Tuning Studio

Tune a foundation model with the Tuning Studio to customize the model for your needs.

Required permissions: To run tuning experiments, you must have the Admin or Editor role in a project.
Data format: Tabular: JSON, JSONL; Tabular data from supported data connections. For details, see Data formats.; Note: You can use the same training data with one or more tuning experiments.
Data size: 50 to 10,000 input and output example pairs. The maximum file size is 200 MB.

Before you begin

Make decisions about the following tuning options:
- Choose the tuning method to use. See Tuning methods.
- Find the foundation model that works best for your use case. See Choosing a foundation model to tune.
The foundation model that you want to tune must be installed in your cluster. For details, see Adding foundation models.
Create a set of example prompts to use as training data for tuning the foundation model. See Data formats.

Procedure

From within a project, go to the Assets tab, and then click New asset > Tune a foundation model with labeled data. Name the tuning experiment and click Create.

A description and tags can be added to document the goal of the tuned model and filter related tuning assets later.
Click Select a foundation model to choose the foundation model that you want to tune. Then, choose the Generation task type.

For more information about formatting prompts, see Verbalizer settings.
Add the training data that will be used to tune the model. You can upload a file or use an asset from your project.

To see examples of how to format your file or to change the token size of the examples that are used during training, expand What should your data look like?. Click Preview template or adjust the settings as needed.

Optional: Click Configure parameters to edit the parameters that are used by the tuning experiment. After you change parameter values, click Save.

The tuning experiment uses default parameter values that you can adjust as needed. For details, Tuning experiment parameters.
Specify a location to store the tuned model asset that is created after the experiment completes.
Click Start tuning.

The tuning experiment begins. It might take one to many hours depending on the size of your training data and the availability of compute resources. When the experiment is finished, the status shows as completed.
Evaluate the results of your tuning experiment after the experiment. If necessary, change the training data or the experiment parameters and run more experiments until you're satisfied with the results. See Evaluating the tuning experiment.

Attention: Each fine tuning job consumes 300 Gi even when the resulting model is not deployed because the model artifacts are very large. To preserve resources, delete any fine tuning jobs that are not being used by a deployed model.

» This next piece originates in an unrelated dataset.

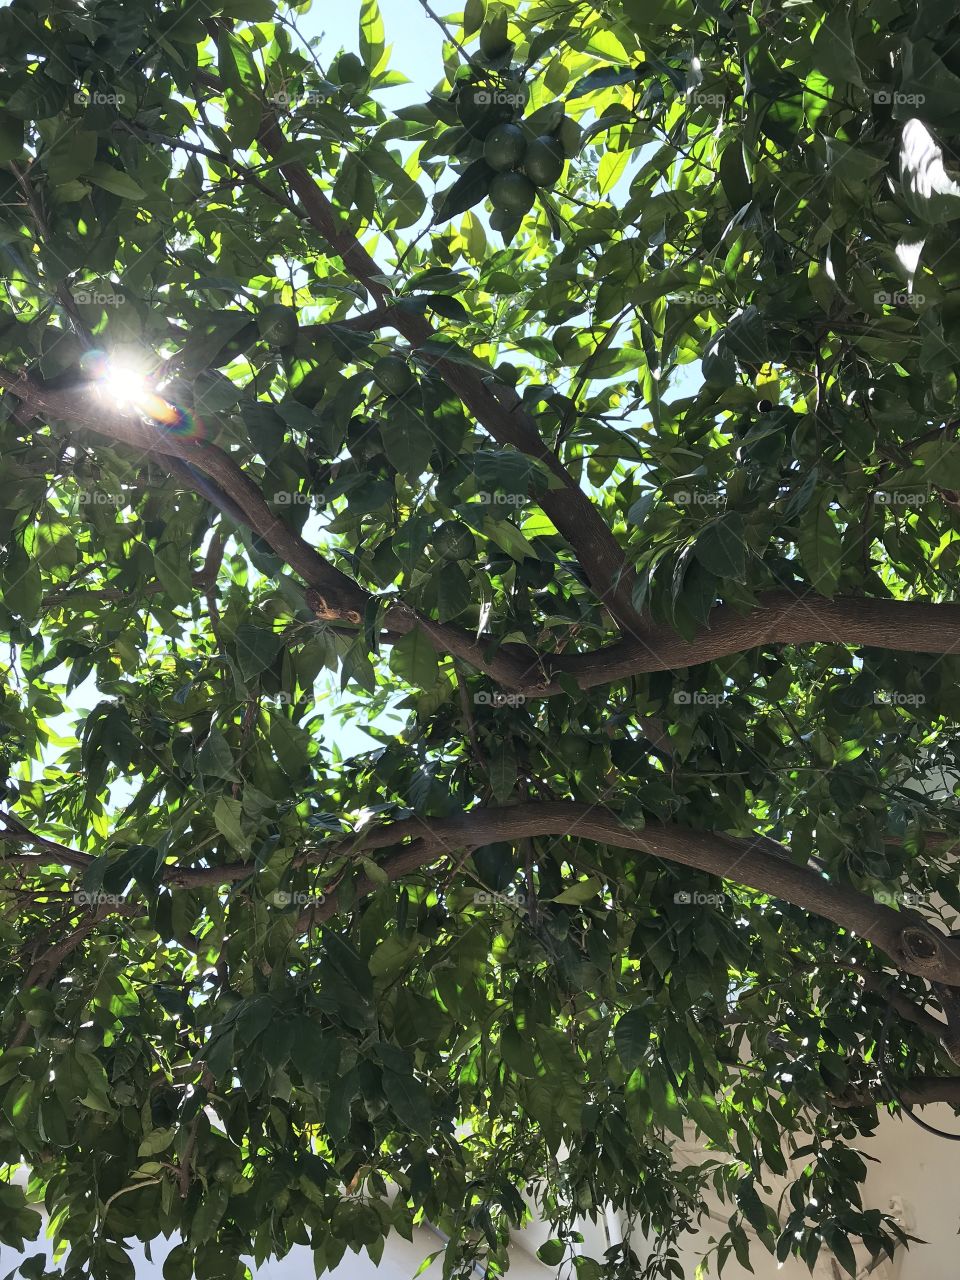 Under the tangerine tree
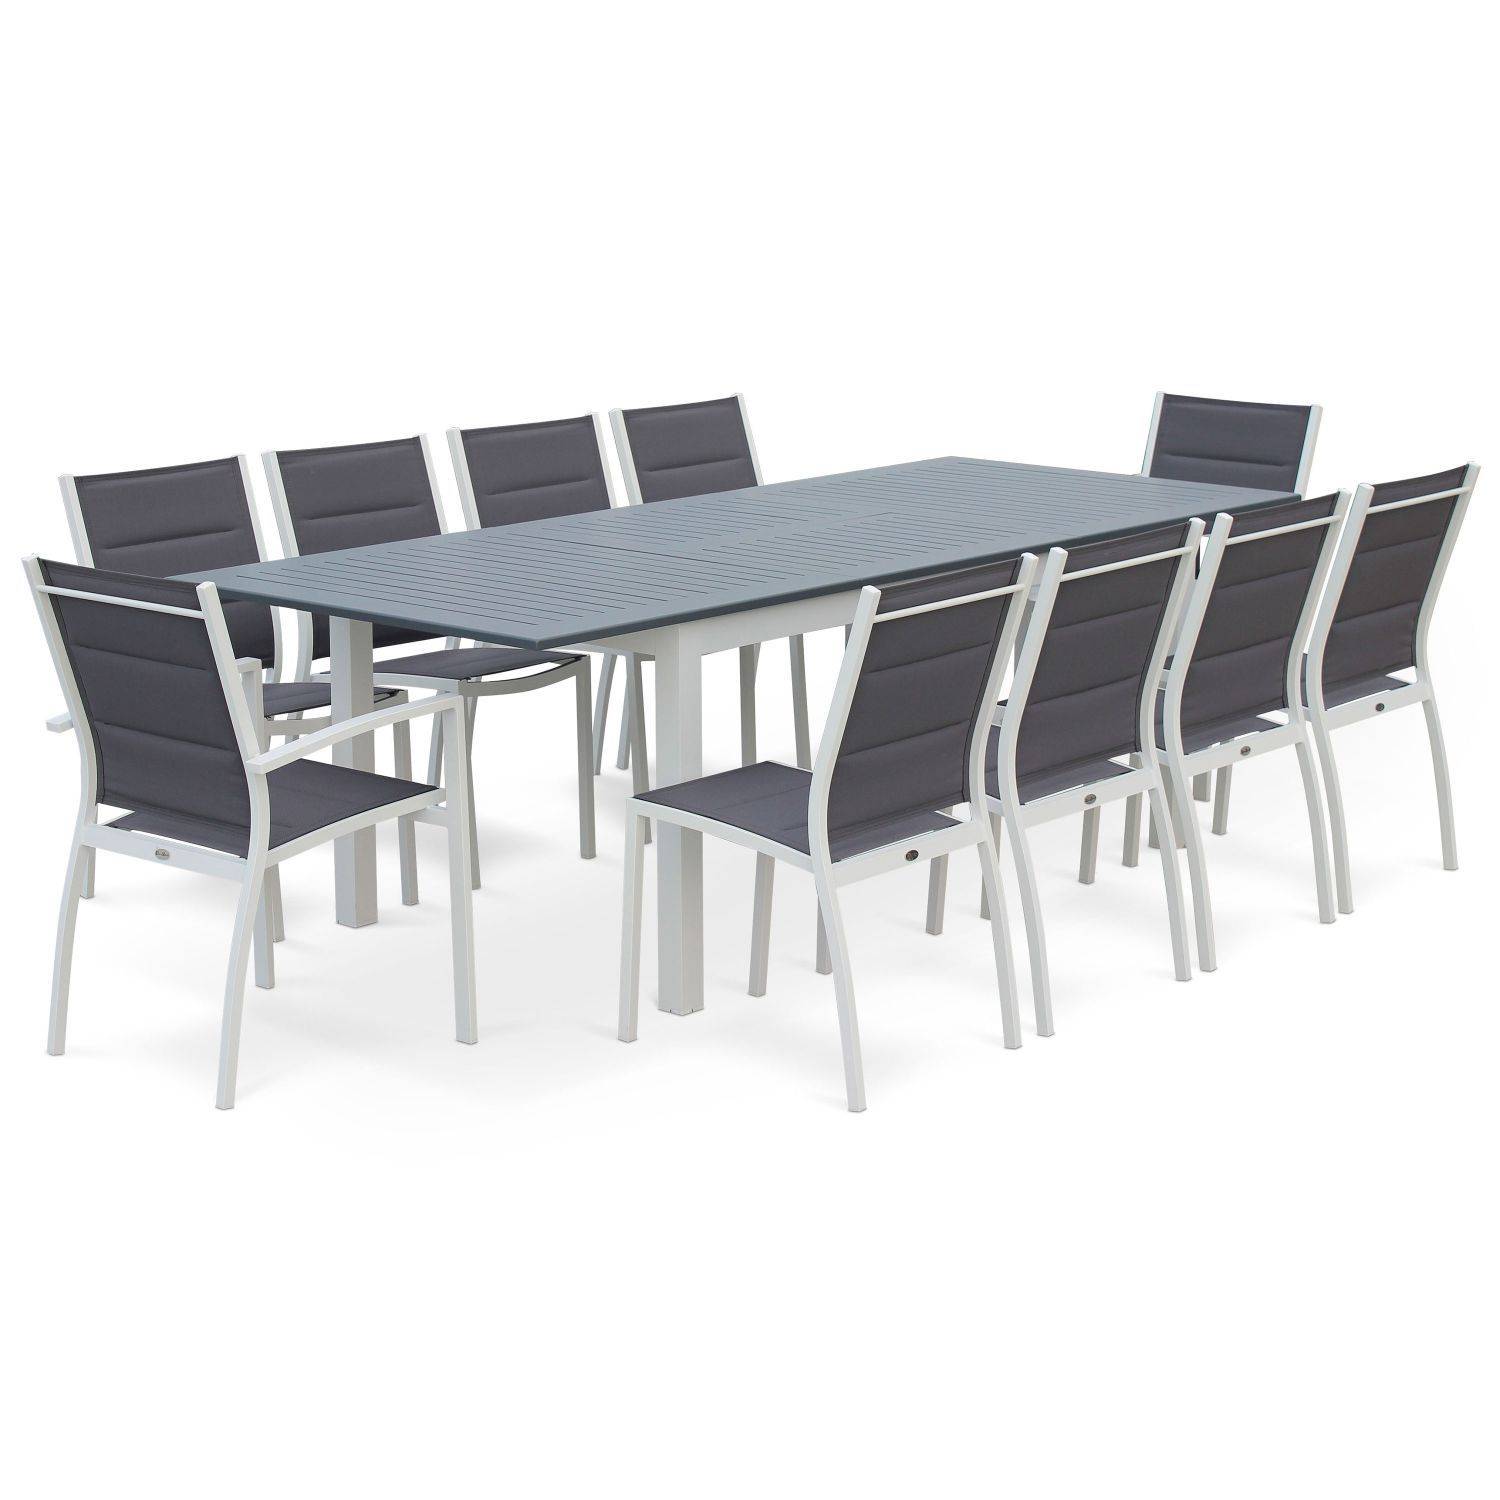 Ensemble Chicago, 1 table extensible, 2 fauteuils, 6 chaises en aluminium et textilène Photo3

Troubleshooting a fine tuning experiment

If your fine tuning experiment does not complete successfully, and one of the following messages is displayed, try these solutions.

Out of memory

An out of memory message means that there aren't enough resources available to complete the tuning experiment. To change the configuration parameters that are mentioned in the following list, create a new tuning experiment. After selecting the task type, click Configure parameters to make changes, and then save your changes and start tuning.

Reduce the batch size.

Large batch sizes can increase the memory footprint and may result in faster train times. However, if out‑of‑memory errors occur repeatedly, reduce the value by adjusting the Batch size slider.
Reduce the number of gradient accumulation steps.

Gradient accumulation steps can contribute to overall batch size. Try a lower value. Set the Accumulate steps slider to the value you want to use.
Increase the number of GPUs.

Fine tuning a large model consumes more memory and requires more GPUs. To dedicate more GPUs to the experiment, set the Number of GPUs slider to a higher number.
Reduce the sequence length of the dataset to the lowest practical value.

Larger sequence lengths use more memory. Reduce the sequence length where possible, particularly if it exceeds 4,000 tokens. Remember, if the sequence length is too low, output examples in the training data are truncated and used incompletely during evaluation. To change the sequence length, exit the Configure parameters page. From the Add training data panel, expand the What should your data look like section. Set the Maximum sequence length slider to the value you want to use.

RuntimeError: The size of tensor a must match the size of tensor b

This message is occasionally displayed when the dataset is small. From the Configure parameters page of the tuning experiment, set the Accumulate steps slider to 1.

Could not find response key in the following instance

The text that is specified in the response template segment of the verbalizer cannot be found in the training data examples. Some tokenizers tokenize words at the start of a sequence differently from other parts of a sequence. To avoid hitting this inconsistency, include a newline separator at the start of the response template in the verbalizer.

For example:

verbalizer: "### Input: {{input}} \n\n### Response: {{output}}"
response_template: “\n### Response:”

What to do next

A tuned model asset is not created until after you create a deployment from a completed tuning experiment. For more information, see Deploying tuned models.